Crews are working with dredges, trucks and pipelines along a 35-mile (56-kilometer) stretch of coastline in Pinellas County, which includes cities like Clearwater BeachIndian Rocks Beach, Bellaire Beach and Redington Beach. It is a major tourist destination still recovering from hurricanes Helen, Milton and Debbie.
Helene was most destructive to beach towns, even though it made landfall far to the north. Twelve people died due to the severe storm surge, which reached a height of 8 feet (2.4 m) in some places in Pinellas County.
In recent years, the US Army Corner Engineers played a major role in the restoration of the beach, but not this time. The Corps wants private landowners to sign up for permanent easements that would allow the government access forever – a change that has met with stiff resistance.
So Pinellas County is renovating the beach itself, and spending more than $125 million in tourism tax revenue to cover the cost. The county also has an amenity program, but because some property owners will not sign up, there will be gaps in beach renourishment that could lead to damage in future storms.
“We’re not doing this as well as we could,” said Pinellas County Administrator Barry Burton. “Our desire is to put as much sand on the beach as possible.”

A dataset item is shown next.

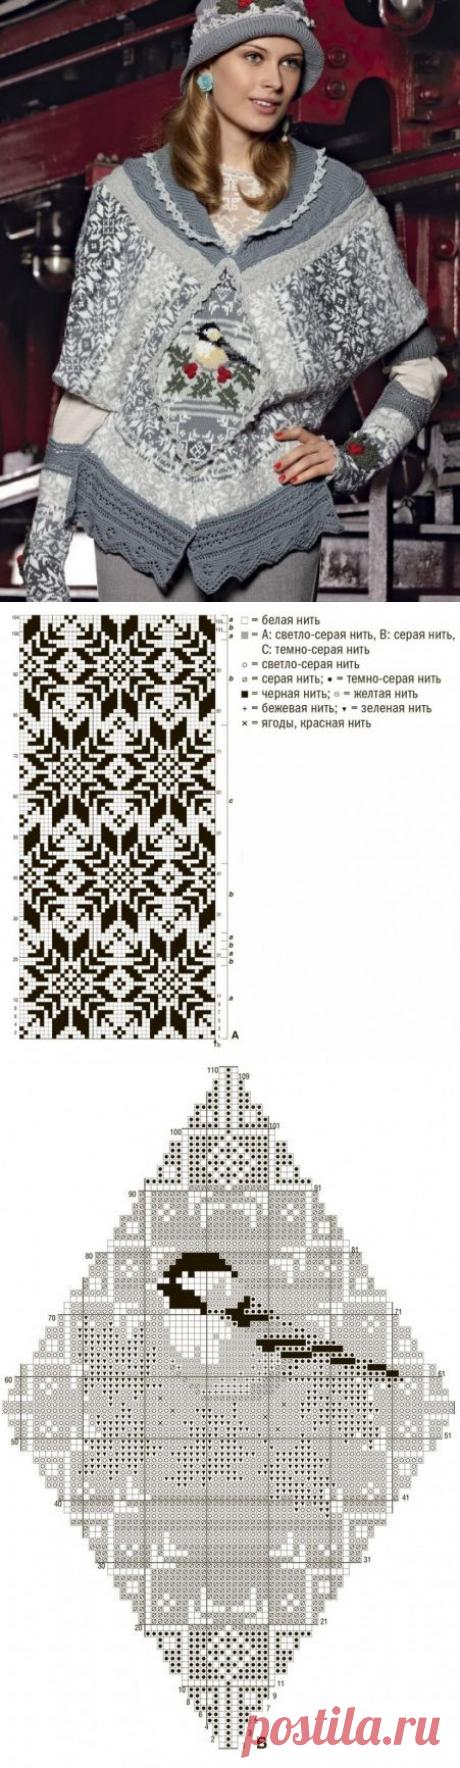 Шарф-пончо с жаккардовым узором из категории Интересные идеи – Вязаные идеи, идеи для вязания

The project calls for using 2.5 million cubic yards (1.9 million cubic metres) of sand that is being dredged and pumped offshore. In places where property owners refused to sign over easements, new sand is being added to the bay side of the beach, which is public. Beaches are being widened to 100 feet (30 m).
For its part, the Army Corps said it could not justify spending millions of U.S. taxpayer dollars on beach renourishment without a permanent easement to allow access.
“The Corps cannot build a project with a ‘gap’ due to a lack of facilities,” the agency said in a statement. “Authorized by Congress, an engineered project cannot provide the level of safety when built with gaps.”
Those gaps mean that a property with sand dunes and a long beach may be next to another property with none — and that’s where storm surge will hit in future hurricanes.
In the past, the Army Corps paid about 65% of beach restoration costs. Now, Pinellas County is footing the bill alone, with money that was earmarked for a new tampa bay rays Baseball stadiums and related developments that failed.
The team’s current ballpark, Tropicana Field, was heavily damaged in Hurricane Milton last October, but is being repaired in time for next season. The Rays were sold to a new group of investors this year, and where the team will play in the future is up in the air.
The county will never be able to do beach work like this again, said Public Works Director Kelly Hammer Levy.
“This is the last and only time,” she said. “So it’s really important that moving forward, we have federal support.”